Beware The Downsides
So, while we know the positive attributes, we have to be aware of the downsides. Hyperfocus can be so intense that other tasks completely fall by the wayside, even if they’re time sensitive. These tasks can be answering important emails, attending meetings or remembering to stop, take a break and drink some water. Think of it like being so enthralled with a movie or book that you don’t even notice when someone walks in the room.
Forgetting about taking breaks doesn’t seem like a big deal if you’re in a positive work zone, but the executive function department might have taken over with such aggression, that the voices of your “work-life balance” department go unheard. This will eventually lead to burnout, when your brain is so exhausted that the thought of completing any task at all seems overwhelming.
Find A Balance
So, we have the information we need about this power, so what do we do with it? We need to learn how to balance both the benefits and downsides. This starts with being aware when you’re in a state of hyperfocus. Here’s some signs that you’re brain is slipping into a state of overdrive:
- Tunnel vision: You feel more intensely absorbed in a task than normal. Your surroundings matter little, including background noises or stimuli that would normally distract you.
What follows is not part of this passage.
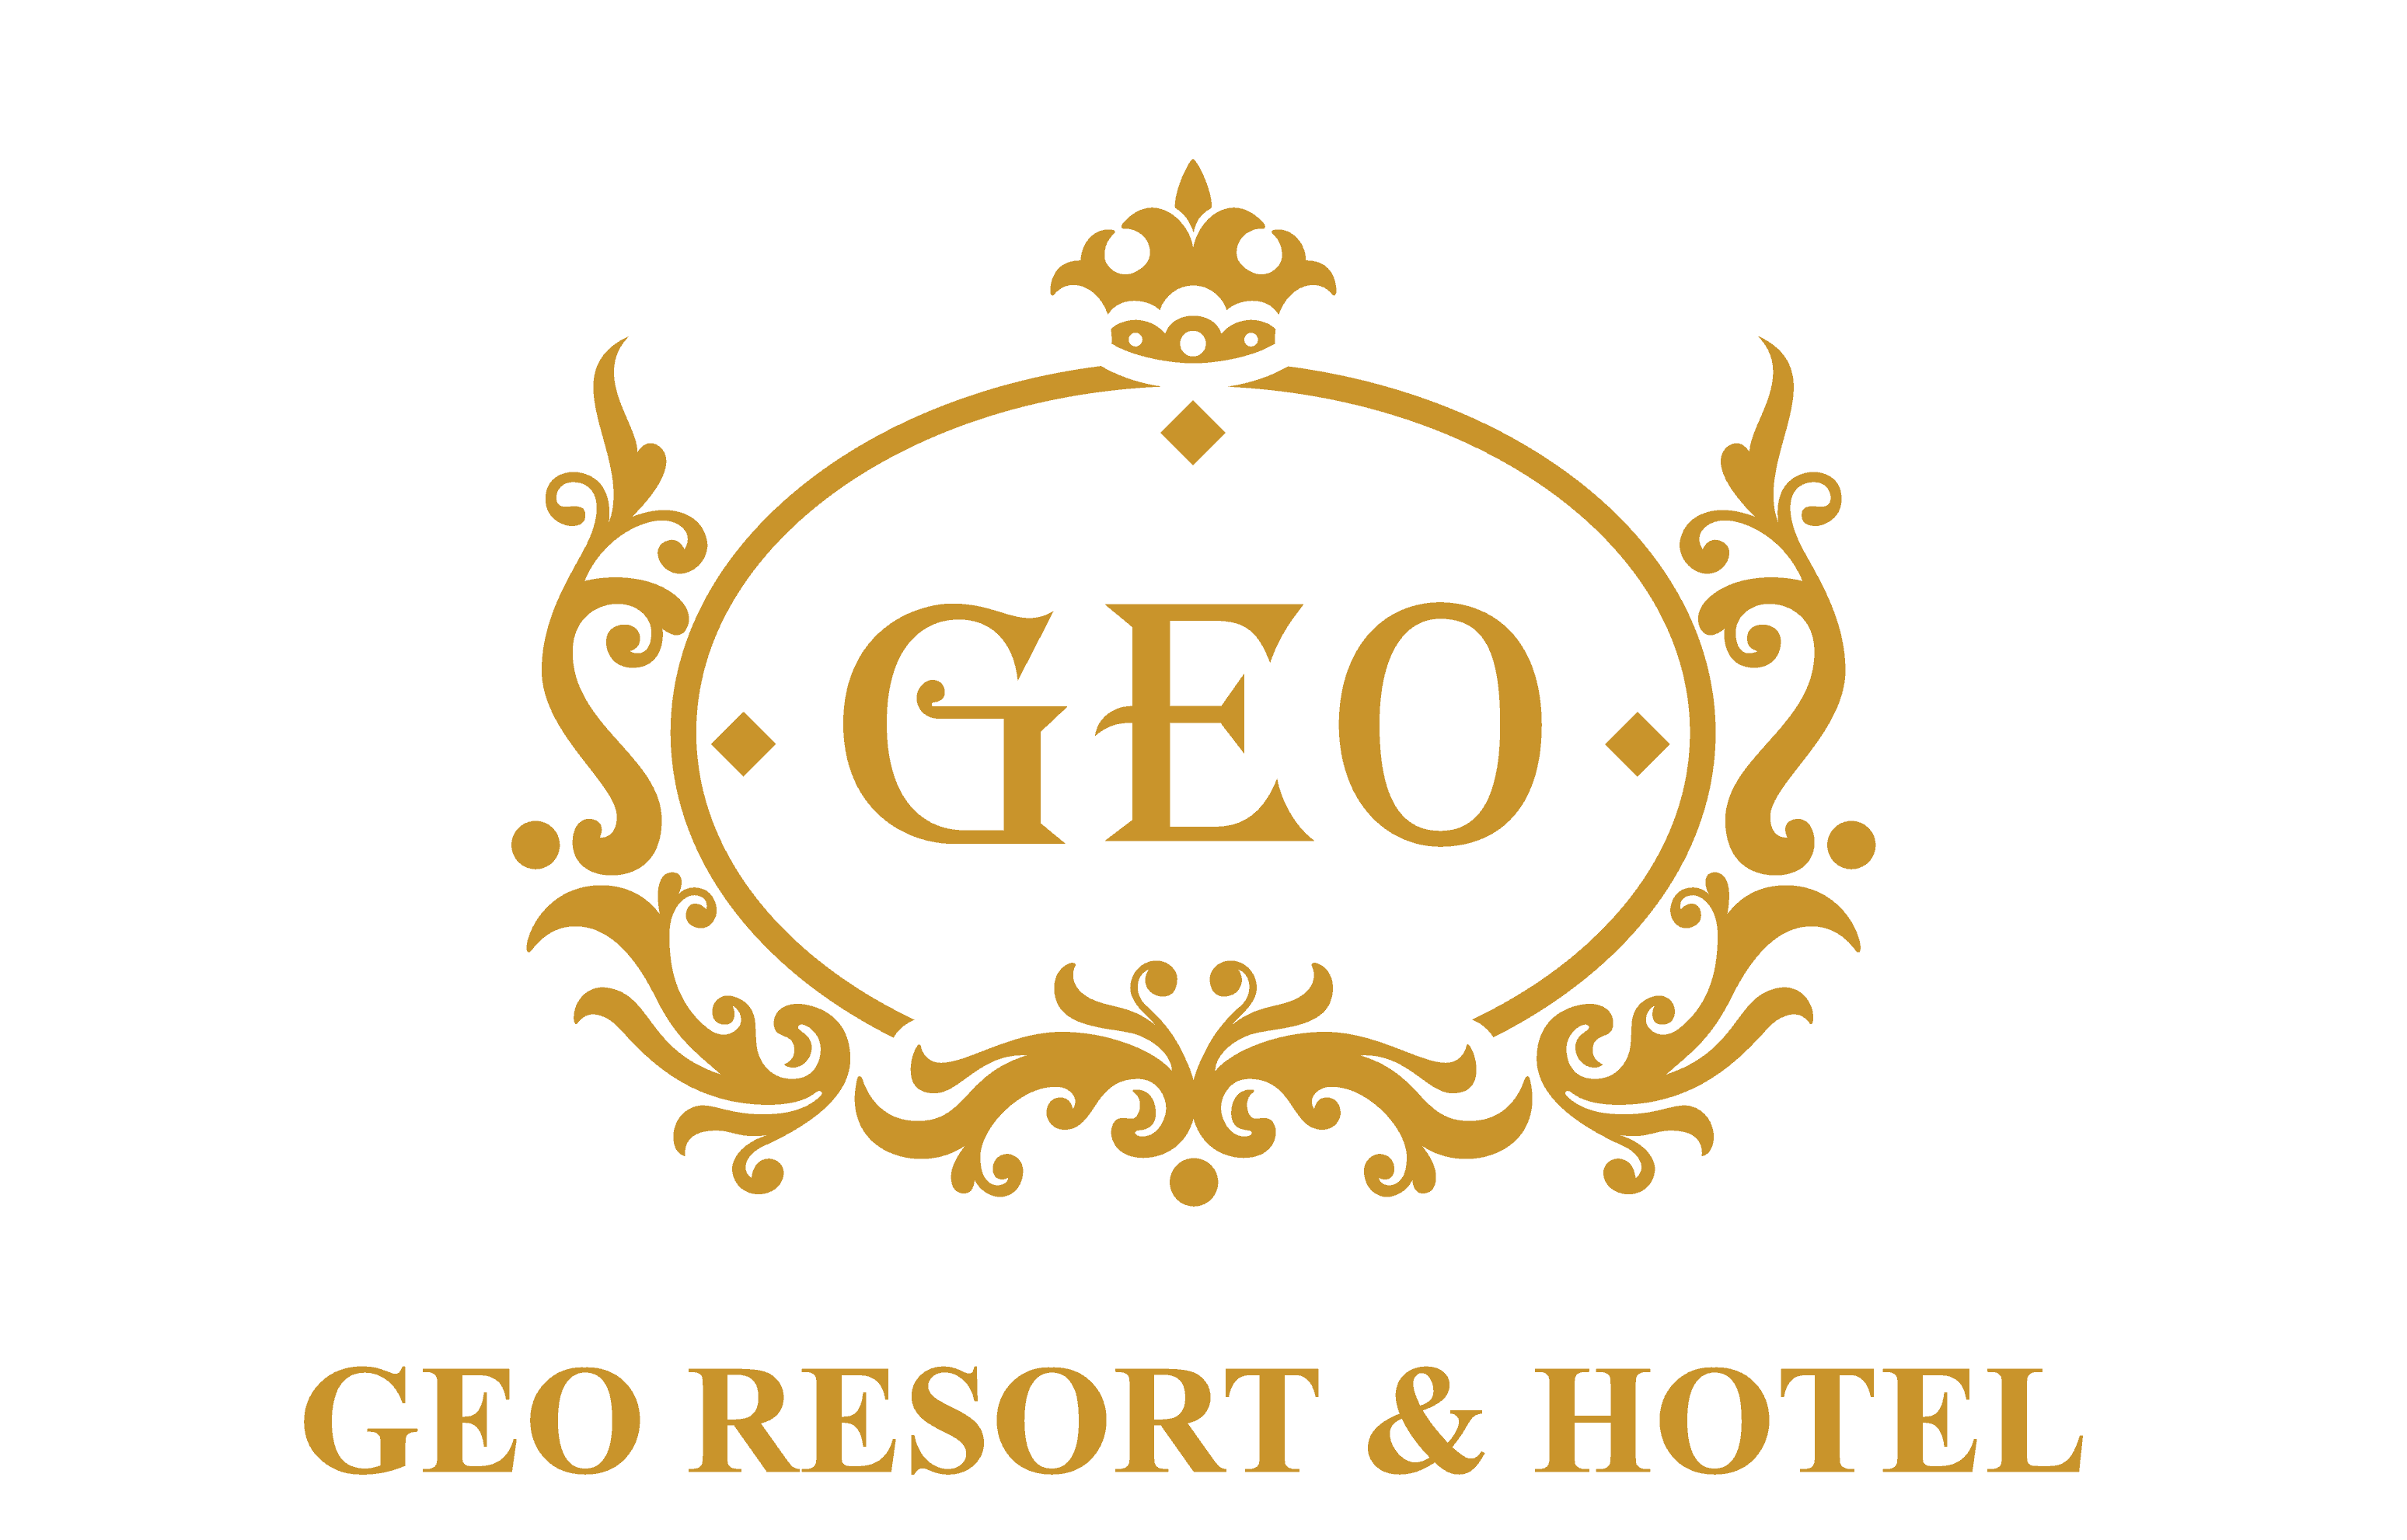 And hotel resort geo

- Time distortion: You notice that you’re losing track of time. You may feel like only a short amount of time has gone by, but you look up and it’s been hours.
- Difficulty disengaging: When something or someone tries to pull you away from the task, you feel overwhelmingly reluctant to do so. You feel a strong opposition to breaking your concentration.
It’s important to know when you’re in hyperfocus so you can utilise it properly. Let’s look at some strategies to harness your hyperfocus for the best possible outcome:
- Set a timer: Decide in advance how long you’ll spend on a task and set a timer to remind you when to stop. When the timer goes off, do your best to disengage even if you don’t want to.
- Take regular breaks: Short breaks can prevent burnout and help maintain focus over a longer period.
- Prioritise tasks: Make a list of tasks according to their priority. This way, even if you hyperfocus on one task, you’re more likely to choose a task that’s critical to your work.
- Leverage technology: Use apps or tools designed to help manage ADHD symptoms. You can find specific ones that help manage hyperfocus tendencies, like Forest or Focus@Will.
- Show self-compassion: It’s important to acknowledge your challenges and provide yourself with peace when you don’t always get it right. Embrace a non-judgmental understanding and celebrate your efforts.
Living with ADHD is a journey, and navigating hyperfocus is part of that journey. By understanding and managing it, you can turn hyperfocus into a unique advantage on your entrepreneurial journey.
As we discover more about ADHD, you’re not just adapting to your circumstances — you’re also part of a broader conversation that’s reshaping our understanding of the entrepreneurial brain.